- British quad poster
- Directed by: Wolf Rilla John Peverall (asst. dir.)
- Screenplay by: Falkland L. Cary Philip King
- Based on: the play Watch It, Sailor! by Falkland Cary & Philip King
- Produced by: Maurice Cowan Anthony Nelson-Keys Michael Carreras
- Starring: Dennis Price Liz Fraser Irene Handl
- Cinematography: Arthur Grant Len Harris
- Edited by: James Needs Alfred Cox
- Music by: Douglas Gamley John Hollingsworth
- Production companies: Maurice Cowan Productions (for) (as Cormorant) Hammer Film Productions
- Distributed by: Columbia Pictures Corporation/ BLC (UK)
- Release date: 14 August 1961 (UK);
- Running time: 89 minutes
- Country: United Kingdom
- Language: English

= Watch It, Sailor! =

1961 British film by Wolf Rilla

Watch it, Sailor! is a 1961 black-and-white British comedy film directed by Wolf Rilla for Hammer Films and starring Dennis Price, Liz Fraser and Irene Handl. The screenplay was by Falkland L. Cary and Philip King based on their 1960 play of the same name, a sequel to their earlier play, Sailor Beware, filmed in 1956. Bernard Robinson was Production Designer, Roy Ashton did Makeup, and Don Mingaye was the Art Director. The film was originally announced for Sydney Box Associates. It was shot at Hammer's Bray Studios in Berkshire.

Production ran from 24 January 1961 through 1 March 1961, and it was released in the UK on 14 August to little fanfare and disappointing reviews (which was odd since the play had been so successful). This would be Hammer's last attempt at a comedy for many years thereafter.

==Premise==
Albert, a sailor, returns home to Britain to marry his fiancée. He is getting drunk at a bar rather than going to the ceremony. A drunk at the bar explains the horror of the mother-in-law syndrome. He eventually leaves with his sailor companion Carnoustie and gets in a car to go to the ceremony but the car (an Austin Six) breaks down. They run to the church but the vicar has postponed the wedding to do a funeral.

Everyone is waiting in the church. The bride Shirley chats with her mother. Meanwhile, her father Henry is latest of all and enters the pub which the sailors left and starts to get drunk.

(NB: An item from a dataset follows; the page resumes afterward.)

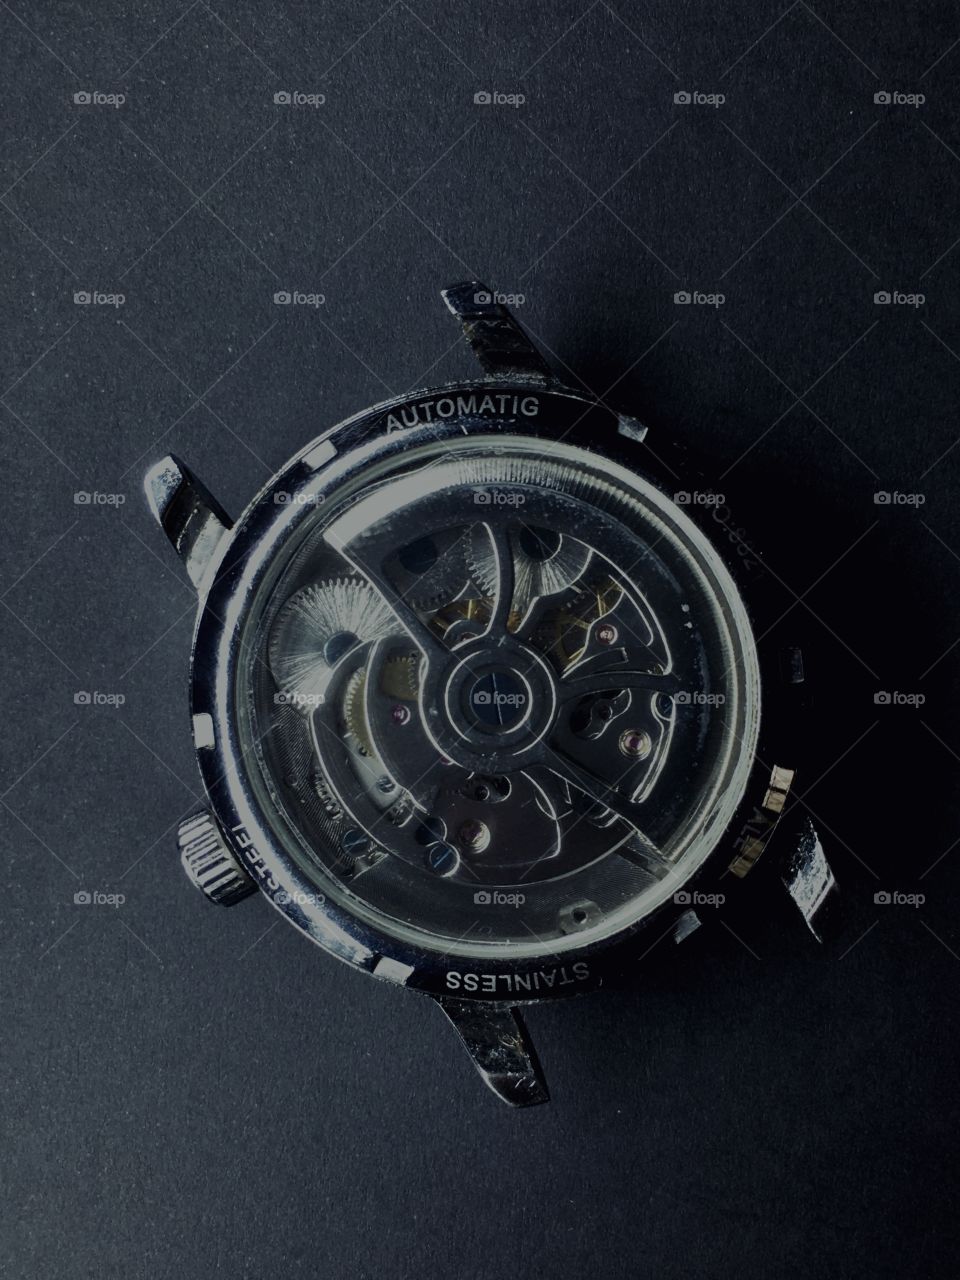 product photography sample (automatic watch)

Back at the bride's home the maid of honour, Daphne, says she is going back to the church to see Carnoustie. However a telegram is received from Lt Comm Hardcastle saying the wedding cannot proceed for legal reasons. Albert and Carnoustie are now at the church with the vicar and organist.

==Cast==

- Dennis Price as Lt. Cmdr Hardcastle
- Liz Fraser as Daphne Pink
- Irene Handl as Edie Hornett, the bride's aunt
- Vera Day as Shirley Hornett
- Graham Stark as Carnoustie Bligh
- John Meillon as Albert Tufnell
- Marjorie Rhodes as Emma Hornett
- Cyril Smith as Henry Hornett
- Frankie Howerd as church organist
- Miriam Karlin as Mrs. Lack
- Arthur Howard as vicar
- Renée Houston as Mrs. Mottram
- Brian Reece as solicitor
- Bobby Howes as drunk
- Harry Locke as ticket collector
- William Mervyn as ship's captain
- Marianne Stone as woman with child
- Diane Aubrey as barmaid

==Critical reception==
The Monthly Film Bulletin wrote: "The cast is crowded with guest stars and talented comedy actors, but slack direction and a flat-footed adaptation from the currently playing stage hit cramp everyone's style. In general it is a case of old jokes and character gimmicks, re-presented without a glimmer of wit or originality."

The Radio Times wrote, "A host of familiar British comedy talent fill out the cast including Irene Handl, Miriam Karlin and Frankie Howerd ... this is unexceptional, though some enjoyment can be found watching the old pros go through their paces."

Allmovie wrote, "the two great scene-stealers in this comedy of errors are Irene Handl as the bride's eccentric (okay, she's just plain dotty) aunt, whose ramblings have a surreal quality; and Dennis Price as the droll-witted officer who is forced by orders to interfere with the impending marriage, and then ordered to make it right. With the cock of an eye-brow or the slight curl of a lip, before he even utters a line, Price dominates every scene in which he appears, and even if the rest of the movie weren't as funny as it is, his performance would be worth the price of admission."